What is required
Only one stretch of the data below is needed: the line with "MBT GTC-2000 Mesh" through the last line. Output it exactly and drop the pictures.

Data provided
== Segment start ==

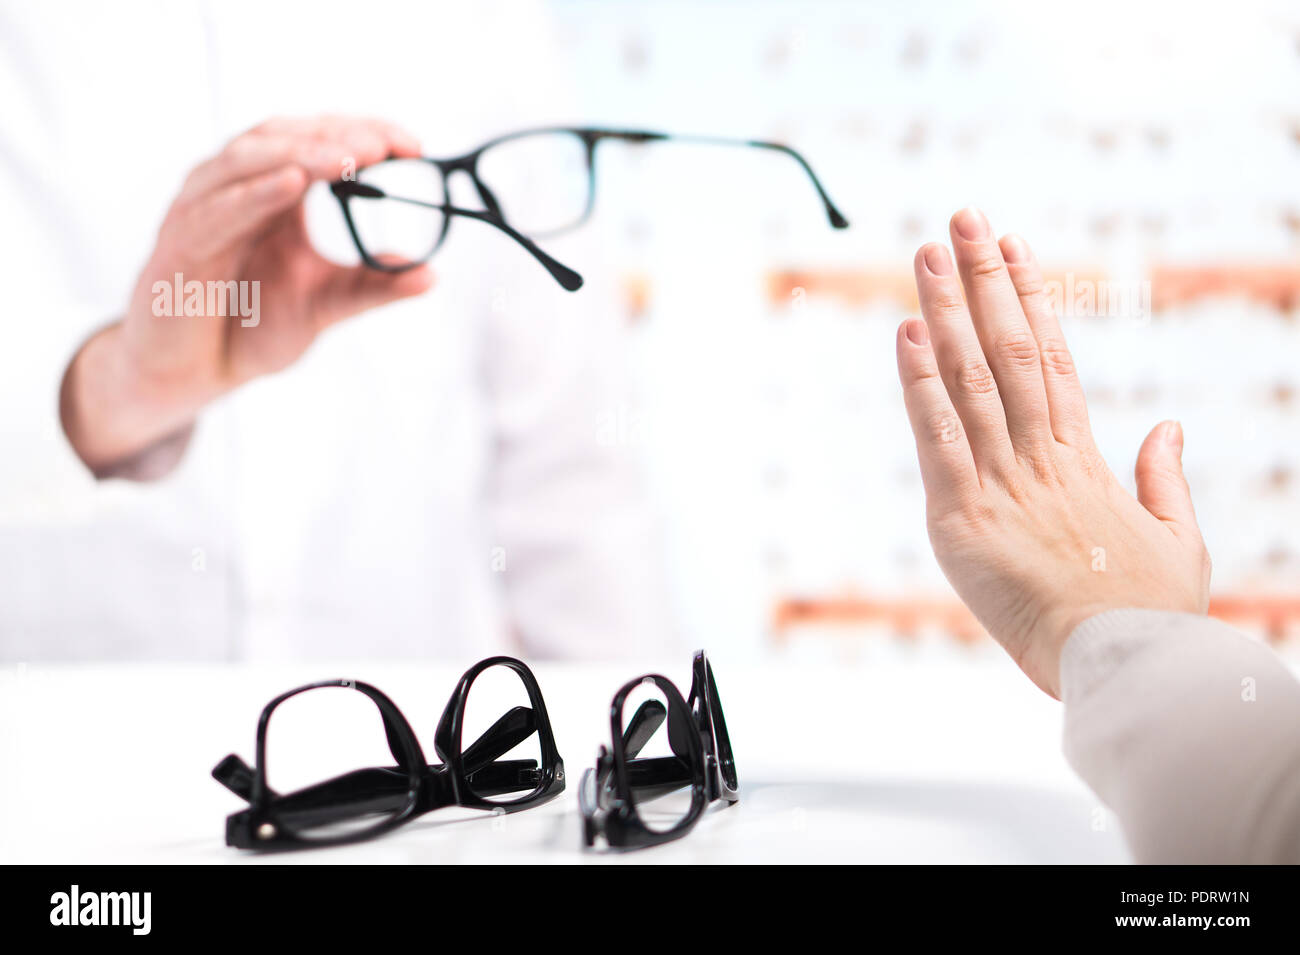 Problem at optician. Unhappy customer refuse to try or don't like new glasses. Bad service in spectacles store. Disappointed and angry patient. Stock Photo
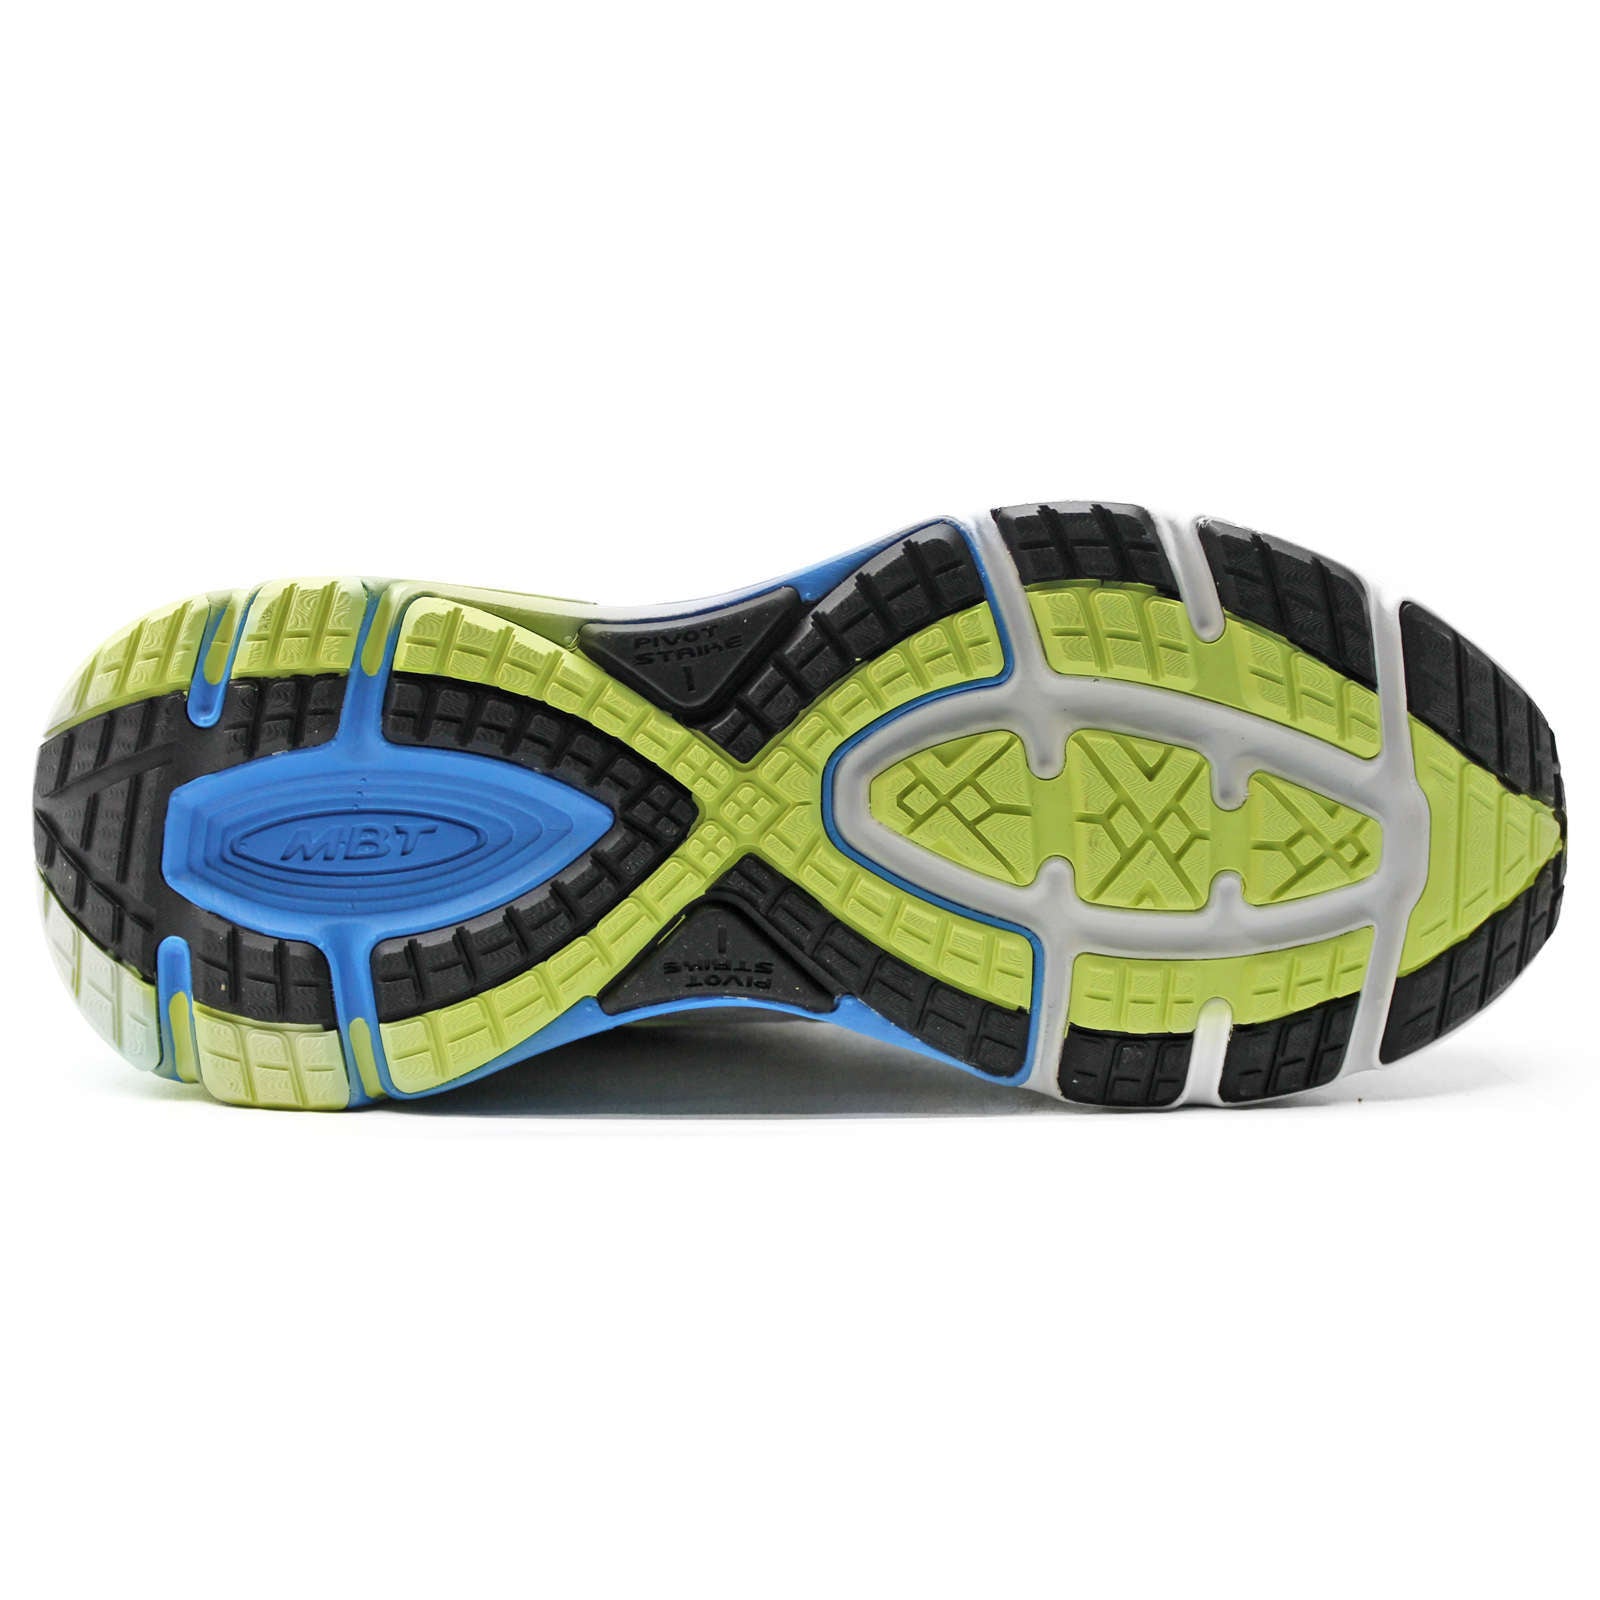 MBT GTC-2000 Mesh Women's Low-Top Trainers#color_grey lime yellow
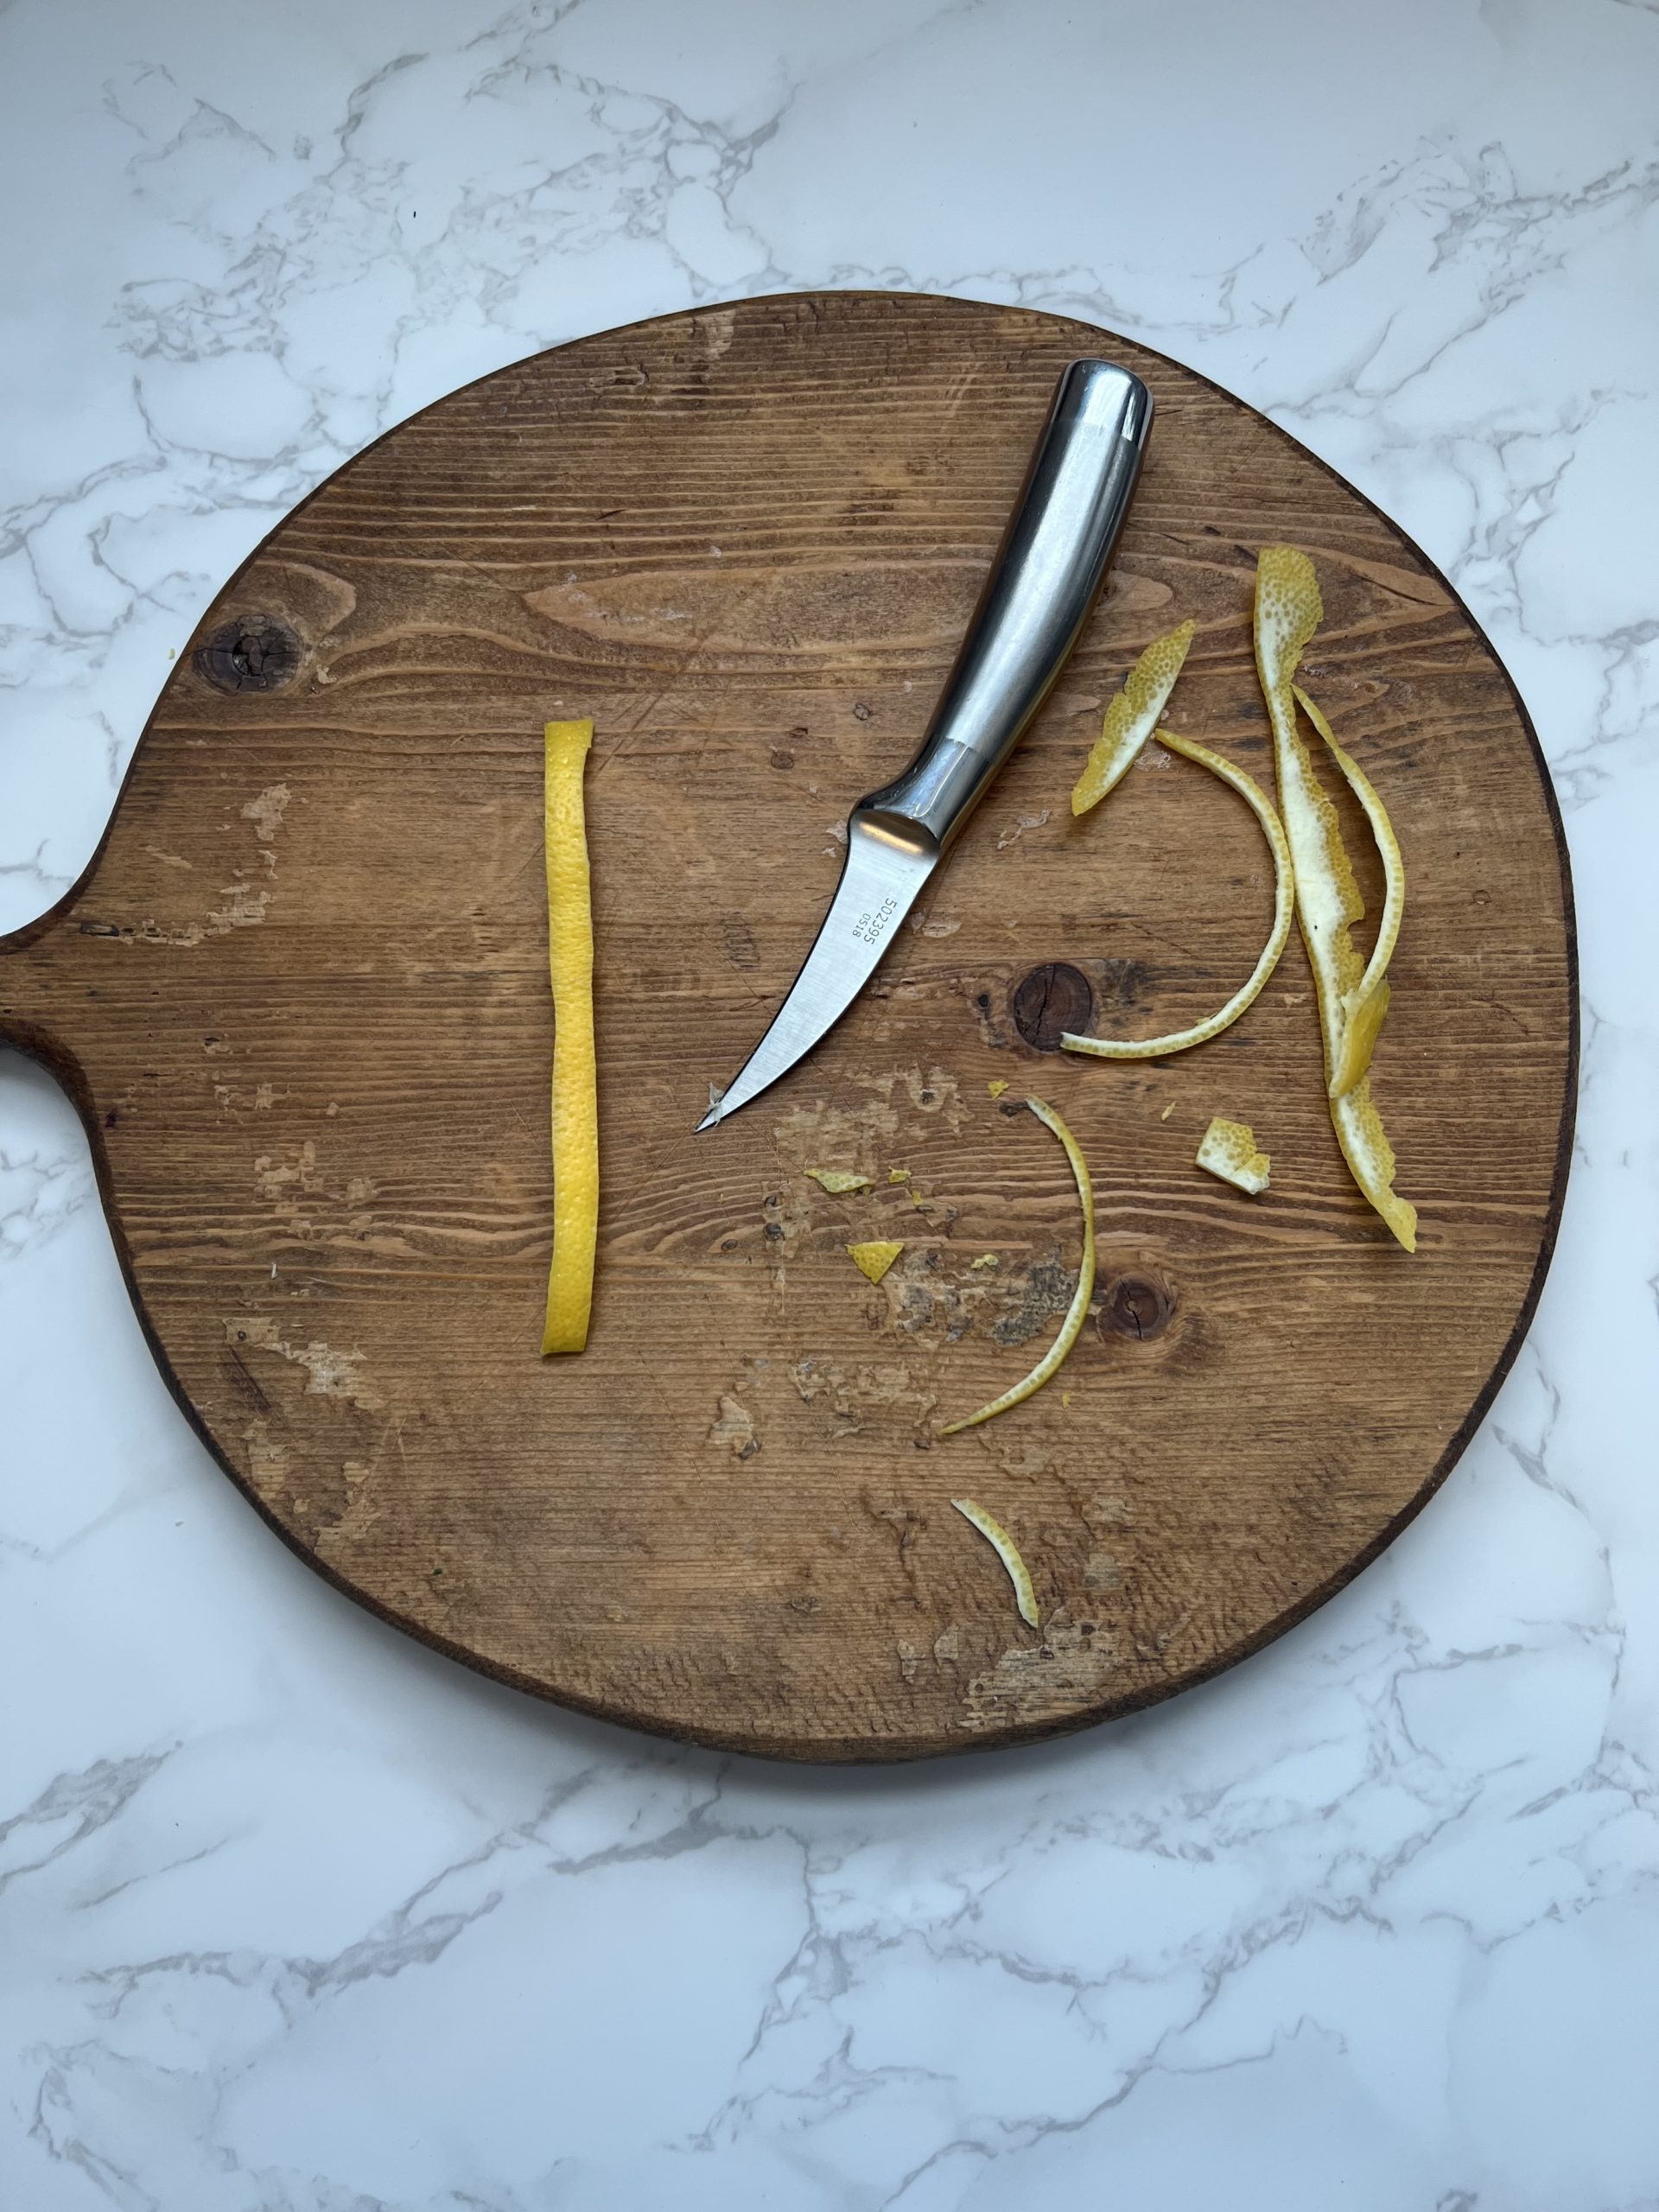 A uniform, trimmed lemon ribbon with a knife and trimmed off pieces of the lemon peel on a cutting board.

== Segment end ==

Solution to this problem
 MBT GTC-2000 Mesh Women's Low-Top Trainers#color_grey lime yellow
 A uniform, trimmed lemon ribbon with a knife and trimmed off pieces of the lemon peel on a cutting board.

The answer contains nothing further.